Somali immigrants, earn relatively low pay--about $10 an hour and no benefits--but they insist on one thing: praying two or three times a day. Managers, however, were concerned that the prayer breaks would "get out of hand," according to Hertz spokesperson Rich Broome.

So they warned employees that they better start clocking out when they pray. Many refused. So on Friday, the company indefinitely suspended approximately 35 workers.

Teamsters Local 117 held a protest at Sea-Tac yesterday (pictured above) and filed a complaint with the National Labor Relations Board. "I don't know what conclusion to draw except that this is based on religious discrimination," says Tracey Thompson, the union's secretary-treasure.

Hertz denies it, saying that Muslims who follow the rules are still gainfully employed.

According to Thompson, the contested prayer sessions took place on a rug behind a barrier in the garage where Hertz keeps its cars. She says the union has timed the prayers, and they take four to five minutes. (Broome says they're longer.) Most of the year, the workers pray twice during an eight-hour shift, but on special occasions they'll add another prayer. To compensate for their time on the prayer rug, they forego the twice daily 10-minute breaks that employees are entitled to.

Thompson says Hertz has long accepted this practice. And last year, she says, the company verbally agreed during negotiations that workers would not clock out for prayer breaks, even though all employees are required to punch in and out for regular breaks and meal times.

Broome denies such an agreement, and the written language of the contract, forwarded to SW by the union, doesn't specifically address whether workers have to clock out for "mini breaks," as prayer times are categorized.

The Hertz spokesperson insists that the clocking-out rule was clear. Therefore the company recently decided it had to crack down on those who were "insubordinate."

In some ways, it's a strange dispute. It's not exactly about money. Workers get paid even when they're clocked out--unless they go over their allotted time. Instead, for Hertz, the crackdown seems to be about making sure that workers don't get a minute more of break time than they're entitled to. (Note to bosses in low-wage industries: This is why your employees hate you.)

Broome portrays the goof-off potential as serious. "We didn't want a situation where a 10- or 12-minute prayer turned into a 40-minute break," he says. Asked if workers were, in fact, prolonging their prayer breaks, he declined to say.

On the part of workers, they don't want to clock out despite being paid because, according to Thompson, they don't want to feel "monitored" during their religious rituals.
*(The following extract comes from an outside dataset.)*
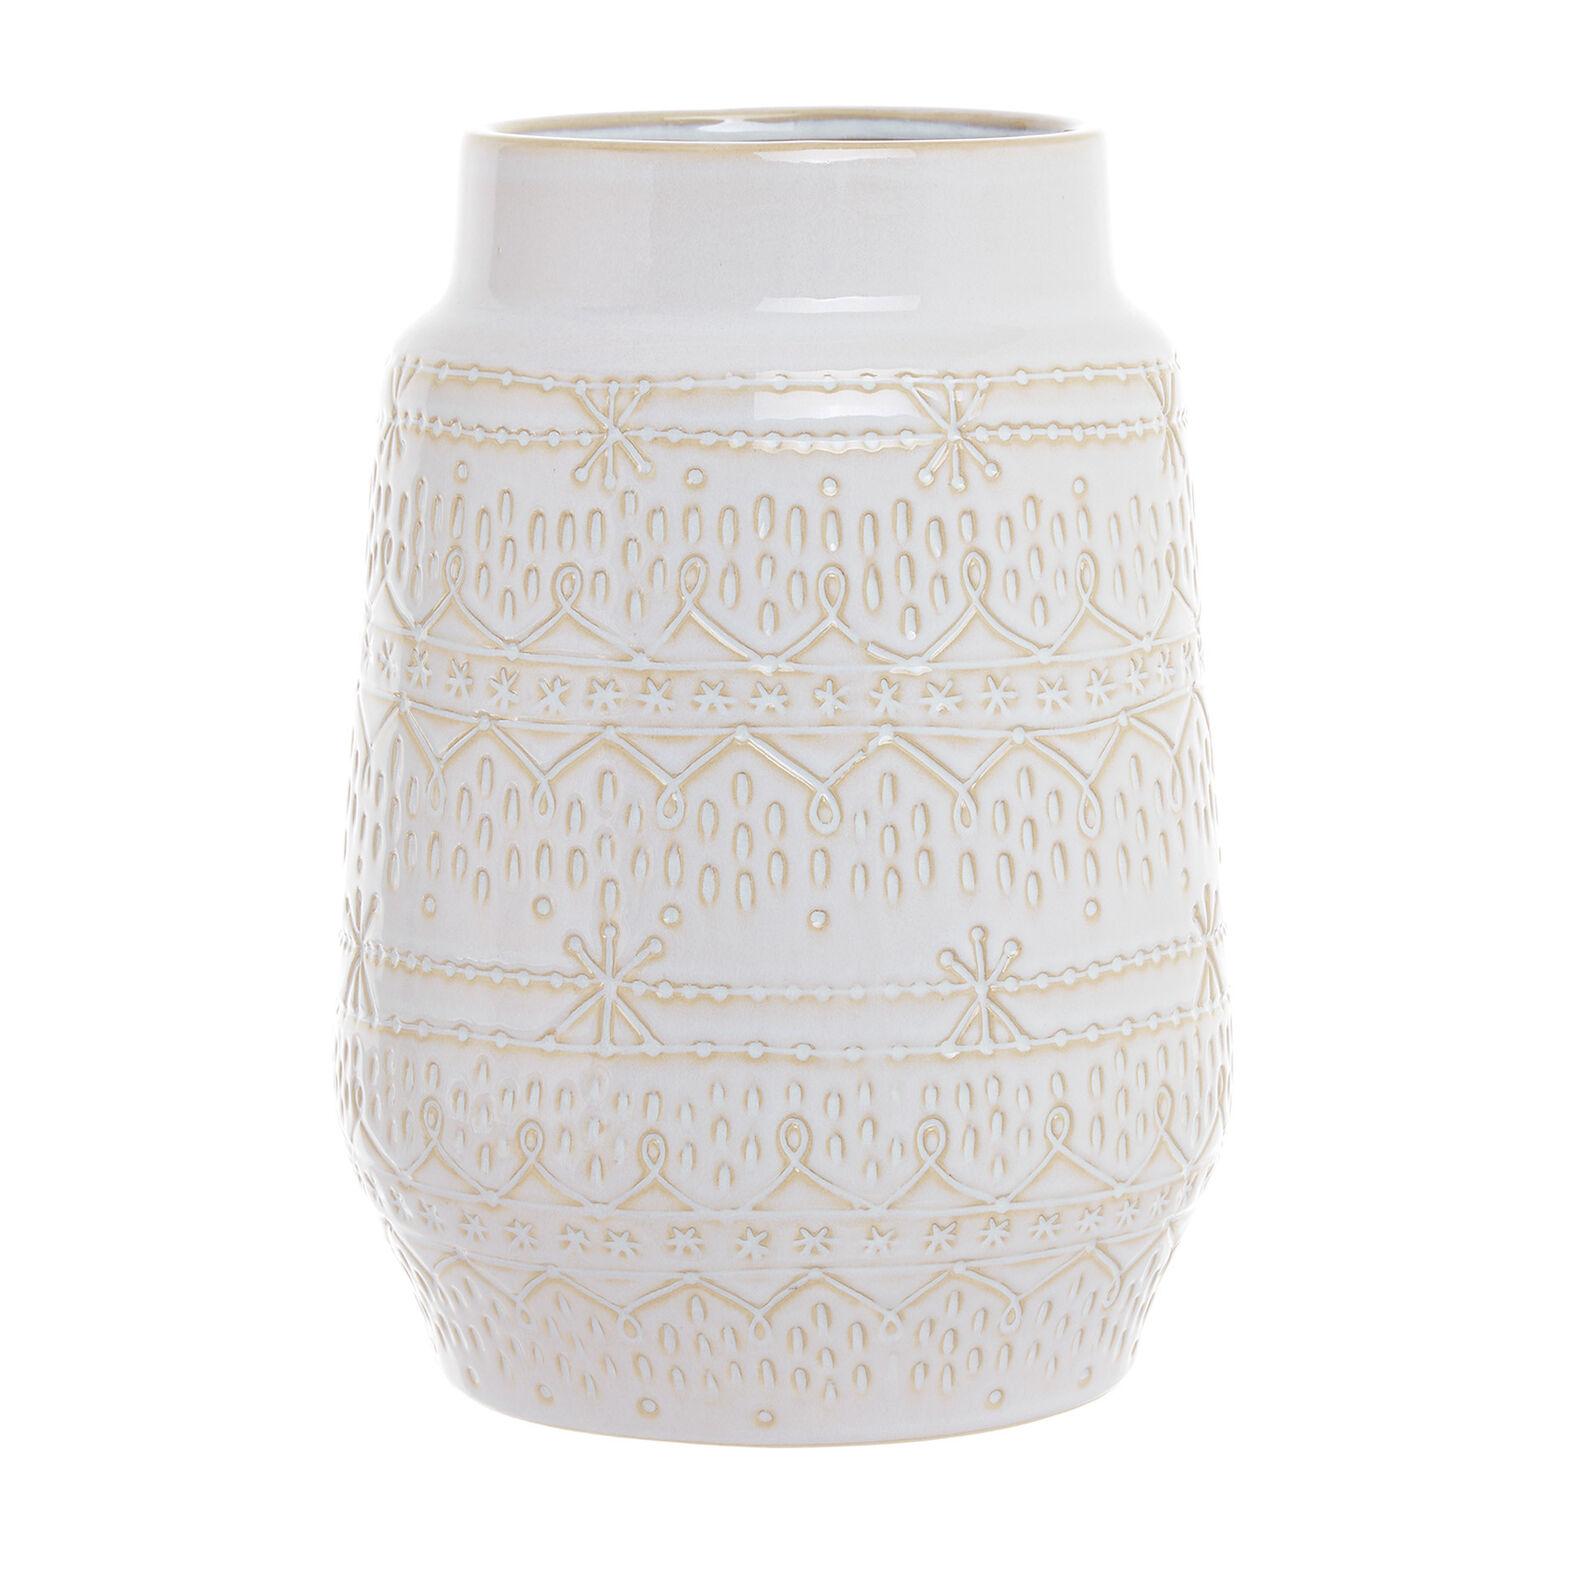 Ceramic vase with raised decorations

Yet, they are anyway, the employees claim. The union relates one incident in which a manager attempted to block a group of Somali women from their ad hoc prayer room.

"He stood in front of the prayer room with his arms fully extended," employee Maryan Muse is quoted as saying in a union press release. "We managed to get into the prayer room, but while we were praying, they [Hertz management] were laughing and clapping their hands, mocking us."

Broome says he has never heard of any such incidents before being contacted by SW. As for the suspended workers, he says they won't be taken back "until they agreed to follow the rules."